Has she really asked you why you went to Subway, or was that a sarcastic example? I mean, you were hungry, what kind of a question is that anyway? She's using the joint account as a way to monitor you, ya know...if she's been the one looking at the statements, etc, she can see just about everywhere you've been and how much you withdraw from an ATM, etc...I'd doubt she agreed to this for that reason, but eventually she probably figured out this is a good way to keep tabs on you. So when you tell her about getting a seperate account, she might accuse you of trying to hide something from her - I'd be prepared for that if I was you, just in case...geez, how would she like it if you were the one in control and asked her why she went to the hair salon? Maybe if you tell her to try and put herself in your shoes, she would come to understand.

 

But I agree, who cares if she gets pissed? What's she gonna do, break up with you? I'd doubt it- unless she's solely using you for financial reasons. In that case it's time to boot her anyway!

Posted
She was making slightly more than me, very slightly more but now she's gone back to school full time and so my cheques are pretty much covering everything. Now... I don't mind paying for 80% of the stuff until she's out of school, because I fugured out that even if I paid 80% of the bills I'd still have alot I could be saving at the end of the month, which right now is ziltch since it's never there. I figured that if I paid 80% and she just took care of her cell phone bill and a family loan... that way I would be happy cause I'm in control of my money and saving, and everything is still being taken care of. Am I right?

 

 

:eek::eek::eek::eek::eek::eek::eek::eek::eek:

#

TAKE CONTROL. She has NO right to control what is essentially ALL YOUR MONEY.

 

Once you open another account, all the money will have to go in there.
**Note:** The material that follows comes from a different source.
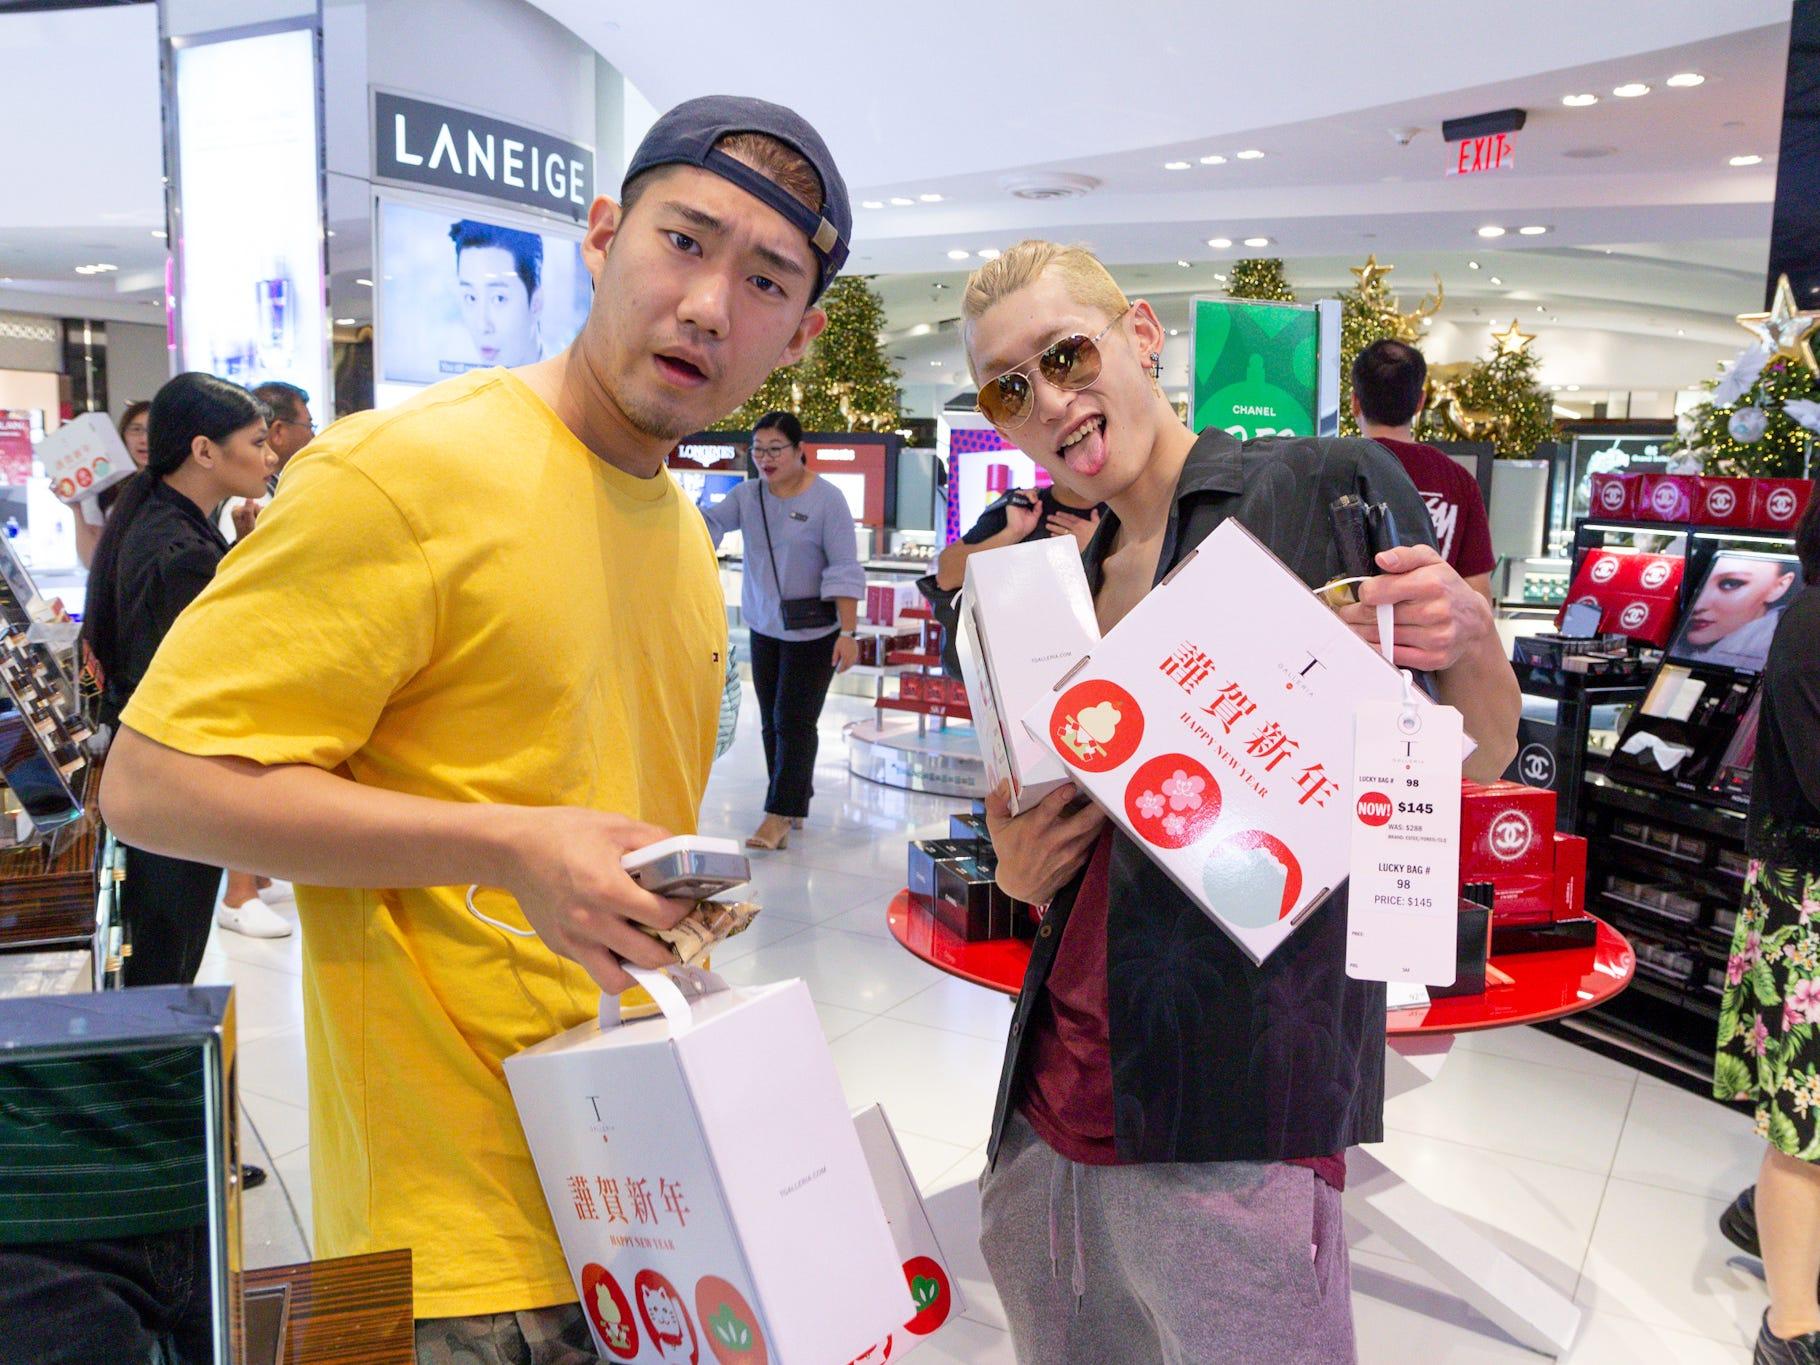 Fukubukuro shopping experience held at DFS Galleria New Year's morning.

Either she likes it or she takes a hike....

Posted

other thought pops into my mind: If you leave her what's necessary to pay rent and utilities, she may decide to blow that instead of paying bills. If these things are in your name, then pay them out of your account to protect your credit. If they are in HER name, give her the money with the stipulation that you want to see receipt of payment on these bills so that you know that they're getting paid.

 

the more you share about her, the more it becomes obvious to me that she's either taking you for a ride or she's got a bad sense of economics and you're footing the bill because of that. Either way, it's not a good situation to be in. Stop giving her free reign to your money – she needs to grow up.

Posted

Based on the information provided, I agree with everyone else.

 

Get your own account and do as follows:

 

Tally up all the bills

Divide them by two

You pay your share

She pays her share

 

Do not comingle. If anything, the two of you aren't legally considered common-law yet. I might be tempted to move out, if I were you. You do not want to split finances with someone who already is taking advantage and being very, scarily controlling.